Les Traducteurs

14/02/2020

Pour son deuxième long-métrage, Régis Roinsard (Populaire) change complètement de registre en s'attaquant au film à énigmes avec Les Traducteurs, un thriller prenant qui réserve quelques surprises sans toutefois être exceptionnel.

Neuf traducteurs de différents nationalités sont réunis dans un bunker, complètement isolés du monde extérieur, pour travailler sur le traduction du dernier tome d'une série littéraire à succès afin d'assurer une sortie mondiale simultanée.
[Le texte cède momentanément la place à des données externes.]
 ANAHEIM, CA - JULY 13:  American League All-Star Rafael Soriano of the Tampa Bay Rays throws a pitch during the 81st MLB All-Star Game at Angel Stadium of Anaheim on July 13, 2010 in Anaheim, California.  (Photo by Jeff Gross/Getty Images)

Lorsqu'un hacker fait fuiter les dix premières pages sur Internet et menace de dévoiler la suite, la tension monte et l'éditeur, Eric Angstrom, n'a plus qu'une idée en tête : démasquer le coupable, quel qu'en soit le prix

L'intérêt principal de ce film est son scénario, qui s'avère être une énigme à résoudre à la fois pour les personnages que pour le spectateur. Celui-ci se prête au jeu et, bien qu'il possède bien évidemment plus d'indices, cela ne l'empêche pas de douter.

 

L'ingéniosité de Romain Compingt, Daniel Presley et Régis Roinsard, qui ont travaillé tous les trois sur le scénario, est d'amener avec chaque révélation un élément qui permet de relancer l'intrigue, permettant ainsi au film de susciter l'intérêt jusqu'à la fin. Si certains passages et retournements de situation sont prévisibles, d'autres sont en revanche assez surprenants. 
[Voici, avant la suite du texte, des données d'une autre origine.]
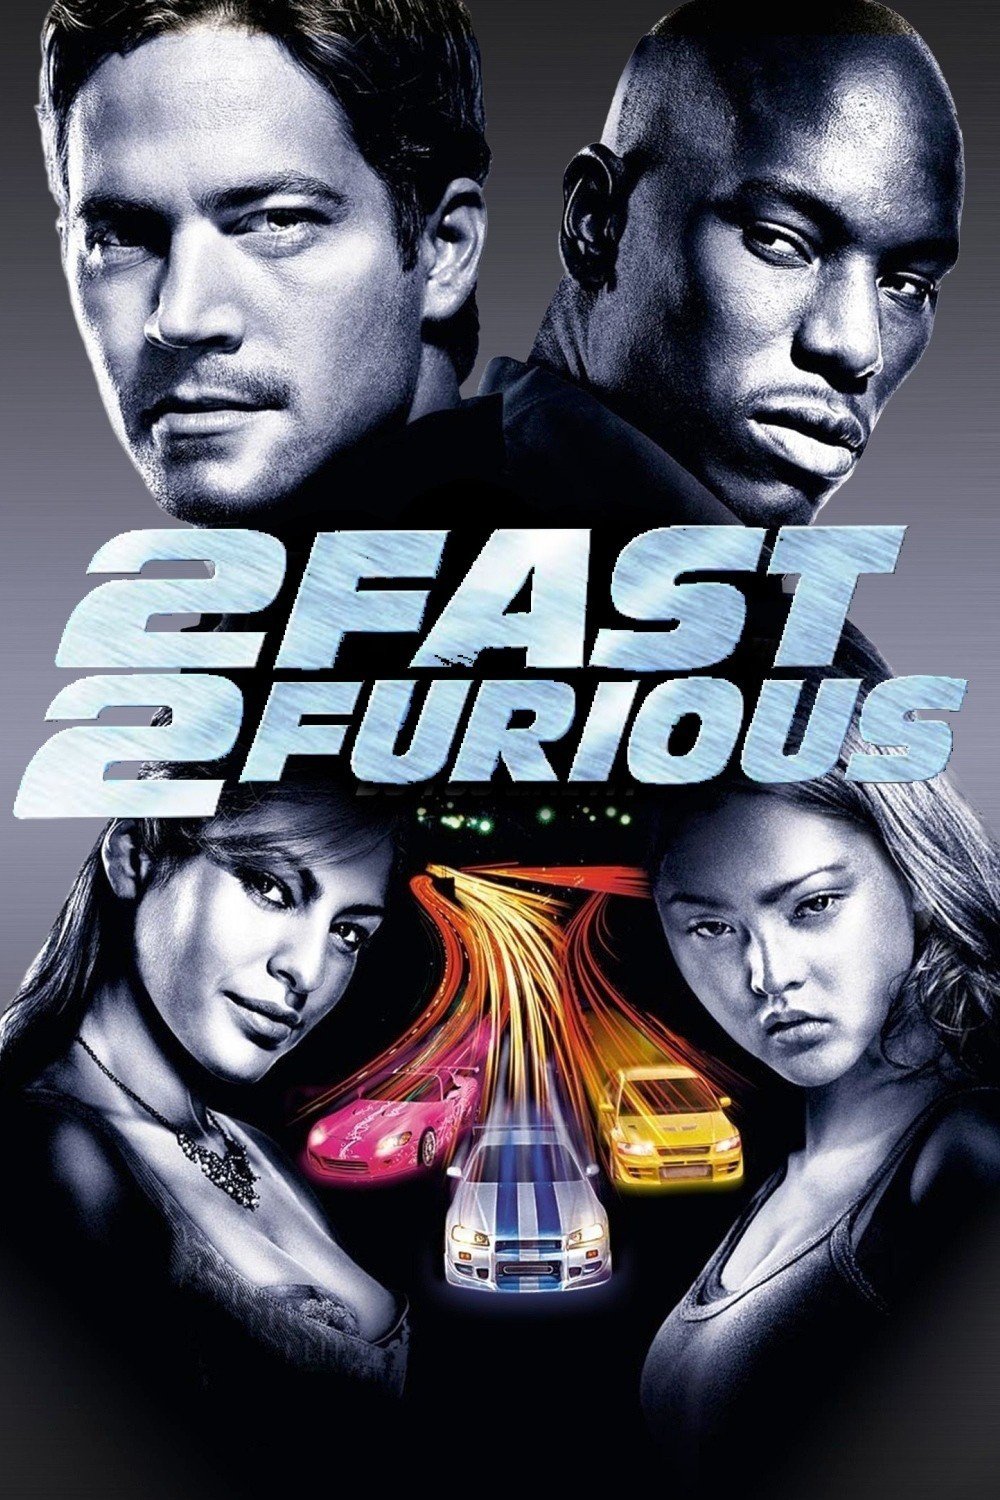 2 fast 2 furious act a fool mp3 download

Le film garde un rythme soutenu, avec quelques pauses brèves qui ne rompent pas avec la dynamique d'ensemble, notamment grâce à la bande originale signée Jun Miyake. Celle-ci accompagne d'ailleurs bien les scènes d'action, en contribuant à faire monter la tension. 

 

Tout cela compense une mise en scène et une photographie qui, quoi que bien réalisées, reprennent les codes du genre sans jamais chercher à aller plus loin ou à expérimenter pour rendre le film unique. 

 

L'autre force du film, en plus de son scénario, c'est son casting international composé de Riccardo Scamarcio (John Wick 2Silvio et les autres), Sidse Babett Knudsen (BorgenWestworld), Frédéric Chau (Qu'est-ce qu'on a fait au bon Dieu ? ), Alex Lawther (The End of the F***ing World), Olga Kurylenko (Quantum of SolaceOblivion) Anna Maria Strum (Police 110), Maria Leite (Mulheres), Eduardo Noriega (Le dernier rempart), Manolis Mavromatakis (Tamam) et Sara Giraudeau (Le Bureau des Légendes), une bande au cœur de laquelle on perçoit une certaine cohésion.

 

Toutefois, la durée du film empêche le potentiel de chaque personnage d'être correctement traité, donnant une sensation d'inachevé et laissant le spectateurs avec des questions qui auraient mérité de plus amples explications.  

 

N'oublions pas Lambert Wilson, certes caricatural dans le rôle de l'éditeur avide de profit, mais qui se révèle être un méchant qu'on prend plaisir à détester. D'ailleurs, si l'histoire semble un tantinet exagérée avec cet éditeur tyrannique prêt à tout pour protéger le précieux manuscrit du roman à traduire, elle n'en reste pas moins un portrait d'un certain pan du monde éditorial voire de la culture qui ne voit que le profit et oublie l'aspect humain. 

Même s'il n'est pas parfait, Les Traducteurs n'en reste pas moins un film très sympathique ainsi qu'une preuve que le cinéma français trouve des manières de se réinventer en proposant des films de genres variés et originaux.